If it can’t determine a Default Market Value under 11.2, 11.3 and 11.4, the Non Defaulting Party can just make one up.

Within reason, of course.

where this is a real Event of Default, it will be what it will be.

Mini close-out

Where it is as a result of a mini close-out, there are there are two scenarios to consider:

The share issuer has blown up

One is a delisting, nationalisation, or some event where liquidity in the borrowed share has dried up permanently, because the share issuer is down the Swanee, sans paddle, with no real prospect of returning — in which case we would expect common sense would put the Default Market Value at somewhere near zero.
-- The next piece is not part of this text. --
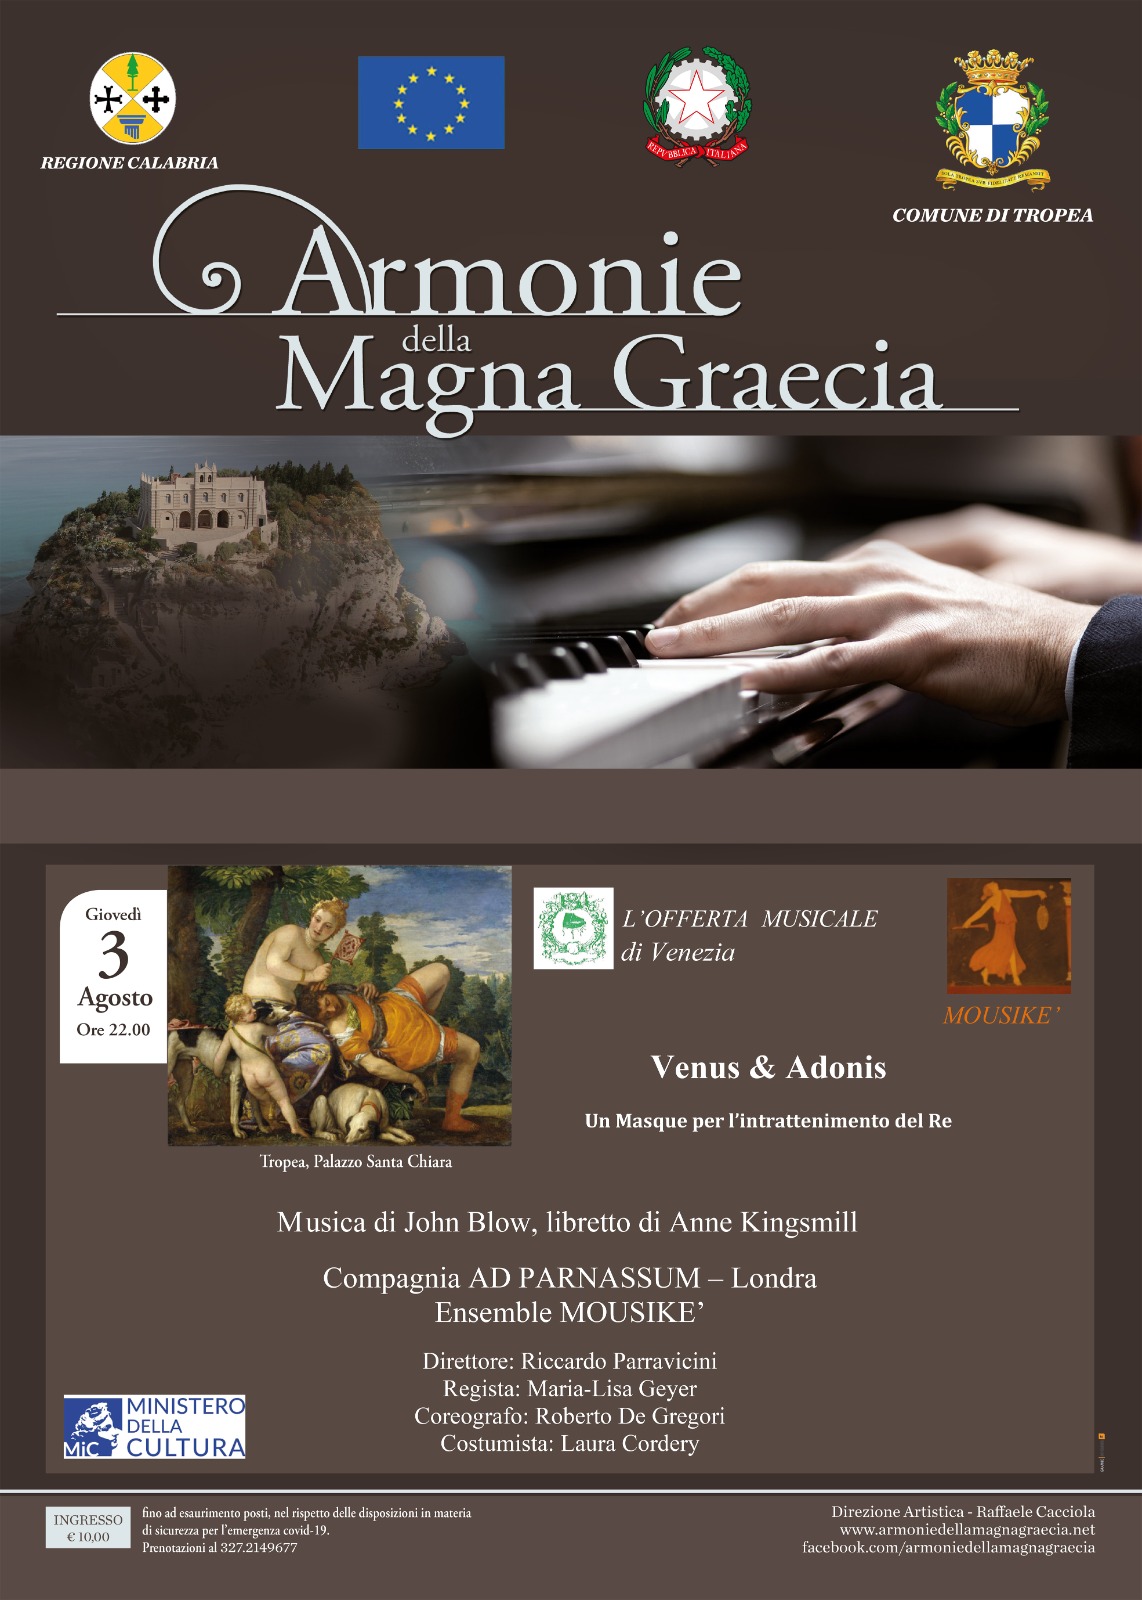 Armonie della Magna Graecia – Giovedì 3 Agosto ore 22.00 Palazzo S. Chiara
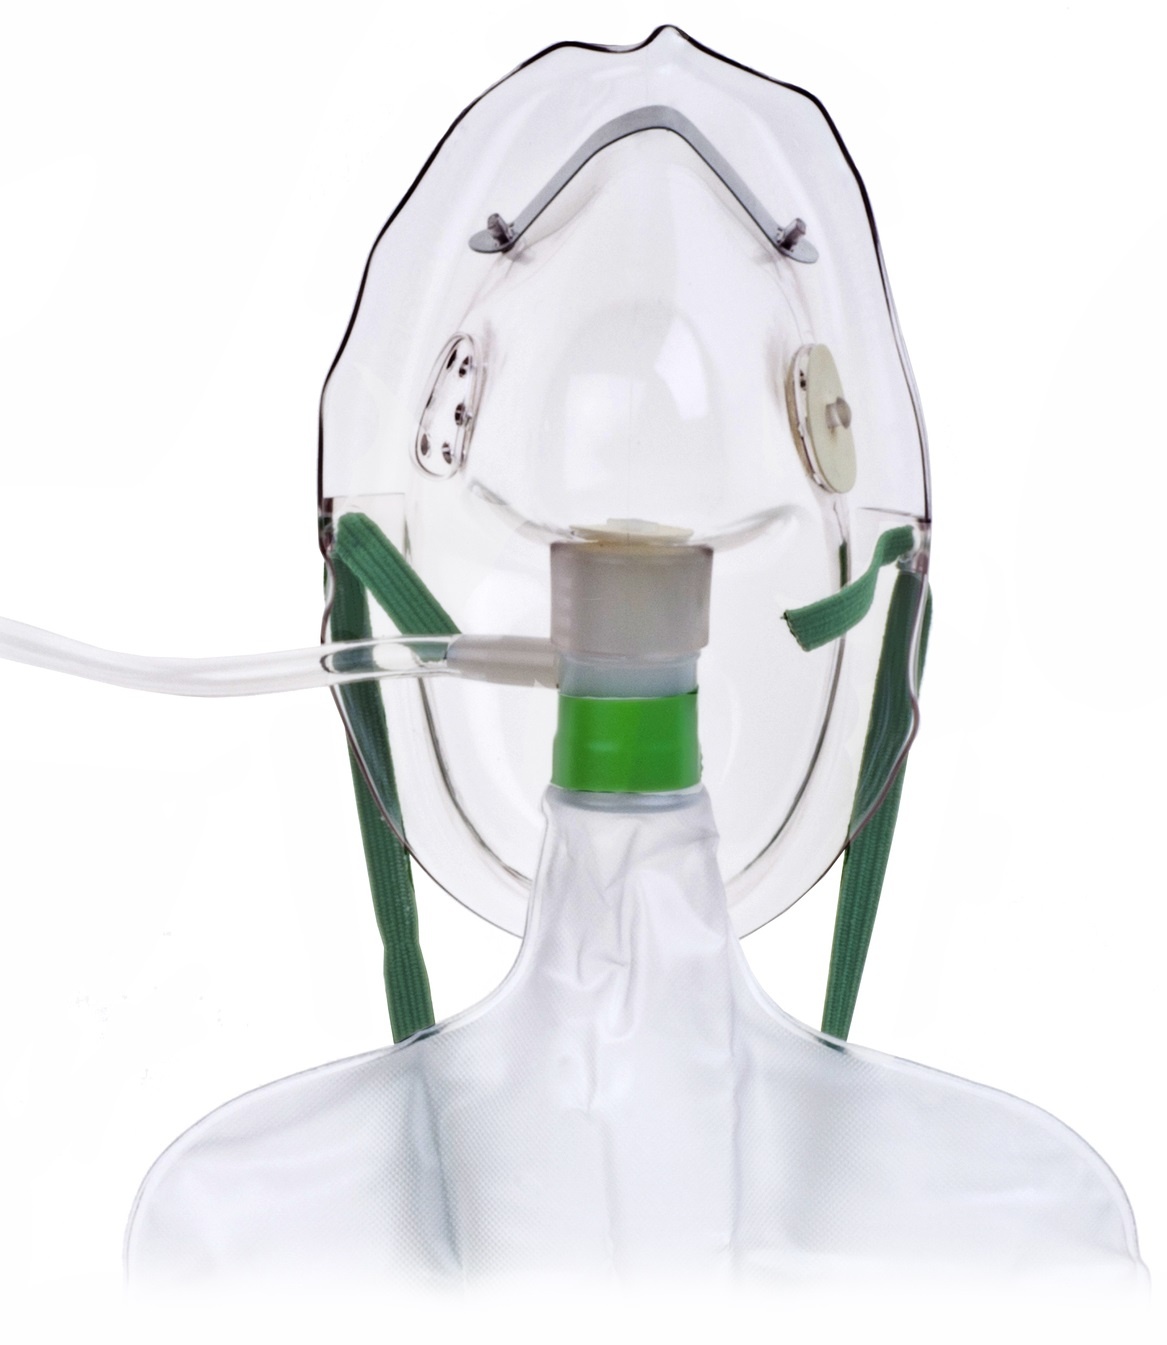 Hudson Mask Nonrebreathing with Safety Vent, Reservoir Bag & 7ft Tubing - Adult

The Lender will look for some excuse to make it more than absolutely zero, but will need to keep a straight face while doing so.

The share issuer is caught up in geopolitical aggro

The other is geopolitical rinky-dinks whereby the share issuer is caught up in sanctions, embargos, and political action as a result of a situation not directly of its own making (or which is not in its gift to fix) but which does not ensure its imminent destruction, and which, if lifted, might see the return of an orderly market and juicier valuations. Here there is life in the old dog: its future, as we know, is an unknowable place, but is surely likely to be happier than the state we find it in today.

The latter scenario is the kind of thing that looked likely to happen in February 2022 with the Russia/Ukraine crisis. In this case, the Lender might see a Default Market Value as being a lot closer to par — if it is a wilful optimist, as long investors in places like Russia tend to be, even more than par, of course. This is likely to wildly disappoint the Borrower, who by disposition is short the share in question, but the Lender’s response will be, “look: if you can deliver me back the stock you borrowed, everyone is happy. Even show me a tradable price at which I can buy in that is lower than the value I’m proposing — then I’m listening. But you can’t, can you?”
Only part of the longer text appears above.